The Taipei National Taxation Bureau has clarified that dividends distributed by foreign companies whose shares are approved for listing and trading in Taiwan are not exempt under Article 42 of the Income Tax Act and must be included in taxable income for enterprises headquartered domestically, while overseas enterprises remain untaxed on such dividends.

Taiwan’s Taipei National Taxation Bureau of the Ministry of Finance stated that profit‑seeking enterprises headquartered domestically which invest in shares of foreign companies, issued under foreign law and approved by the securities authority for listing and trading, must include the dividends received in their taxable business income in accordance with Article 3, Paragraph 2 of the Income Tax Act.

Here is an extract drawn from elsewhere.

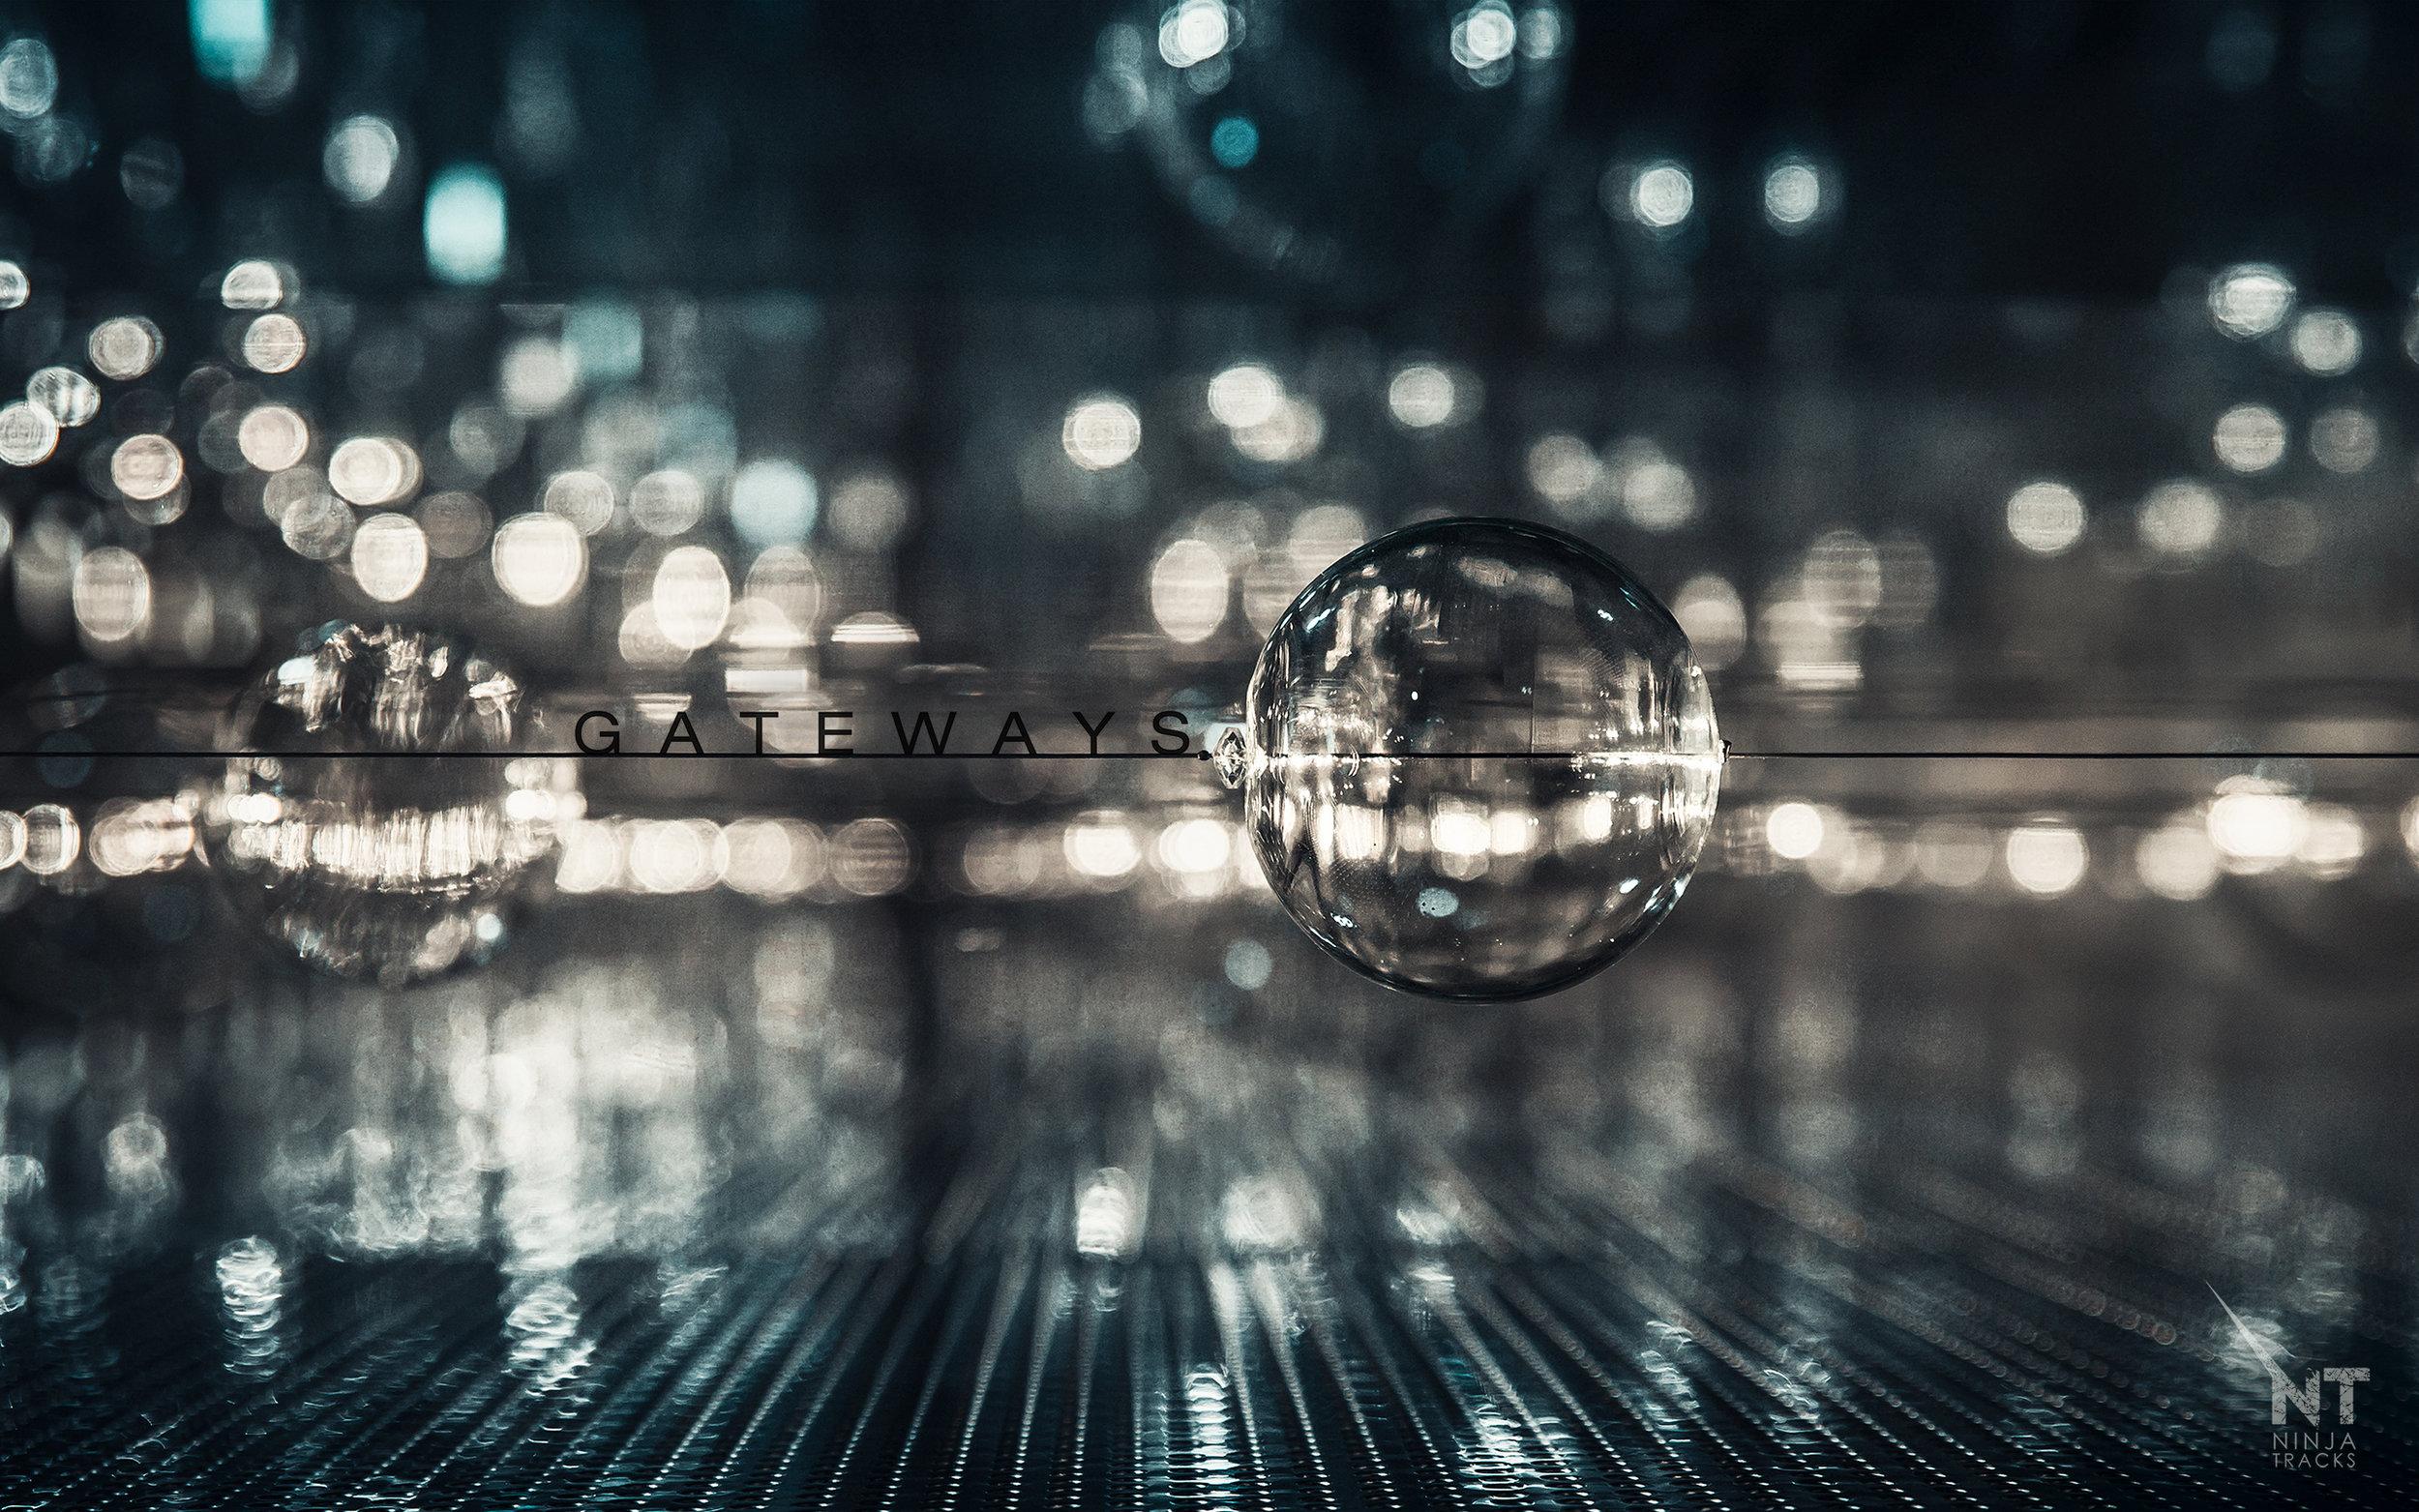 Gateways 2560x1600.jpg

This announcement was made on 12 February 2026.

The Bureau further explained that a foreign company established and registered under foreign law, which issues shares under foreign law and is approved for listing and trading in Taiwan, distributes dividends that are not considered income sourced from the Republic of China (Taiwan).

Therefore, profit-seeking enterprises with head offices outside Taiwan are not subject to Taiwan’s corporate income tax on such dividends. However, for profit-seeking enterprises with head offices in Taiwan, whether the dividends are paid in cash or in stock, they must be included in taxable business income under Article 3, Paragraph 2 of the Income Tax Act. This is because the issuing company is a foreign entity, and such dividends do not qualify for the exemption under Article 42 of the Income Tax Act, which applies only to dividends received from investments in other domestic profit-seeking enterprises.

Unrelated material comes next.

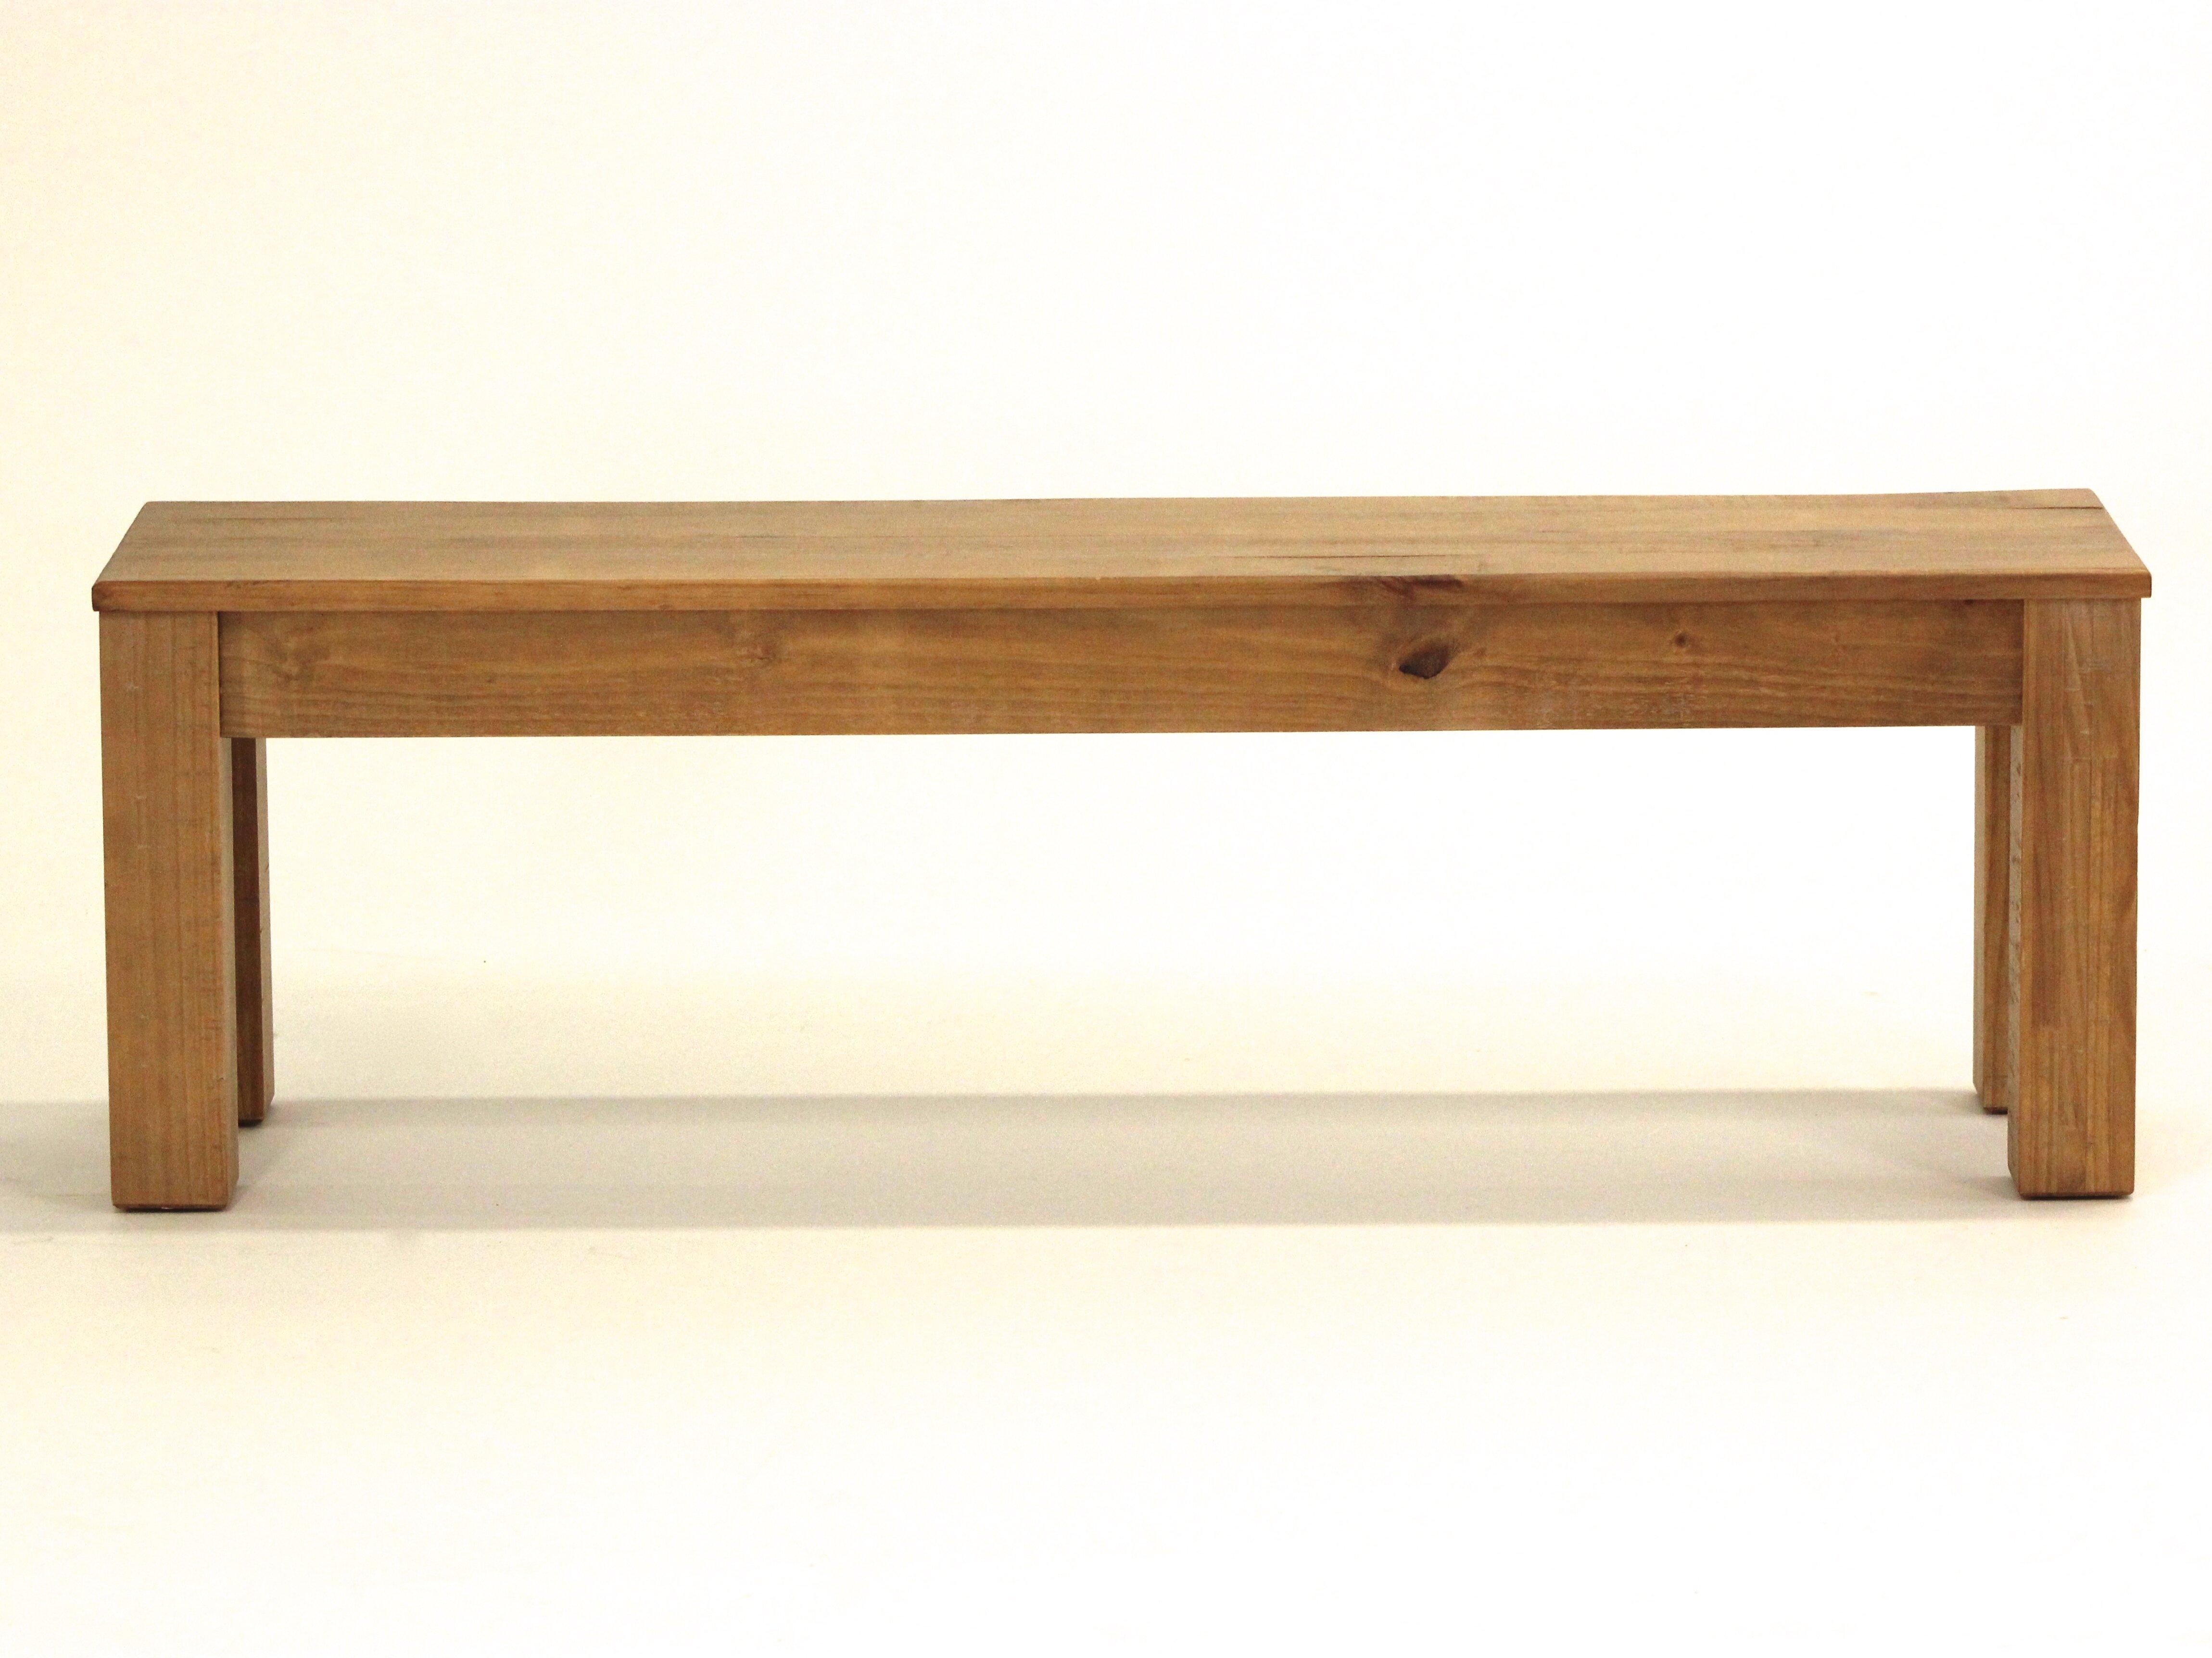 langer naturholzmöbel küchenbank canela aus holz | wayfair.de

By way of example, Company A, with its head office in Taiwan, invested in shares of Foreign Company A, issued under foreign law and listed for trading in Taiwan’s securities market. In fiscal year 2023, Company A received TWD 400,000 in cash dividends from Foreign Company A. However, when filing its 2023 corporate income tax return, Company A mistakenly treated the dividends as exempt under Article 42 of the Income Tax Act and failed to report them. The Bureau subsequently assessed an additional tax of TWD 80,000 and imposed a fine.

The Bureau urges domestic profit-seeking enterprises that have received dividends from foreign companies whose shares are approved for listing and trading in Taiwan to promptly file supplementary declarations and pay any omitted taxes with their local tax bureau, branch office, collection office, or service center. If they do so voluntarily before being reported or investigated by tax authorities or designated investigators of the Ministry of Finance, they may, under Article 48-1 of the Tax Collection Act, pay the tax with interest but without penalty.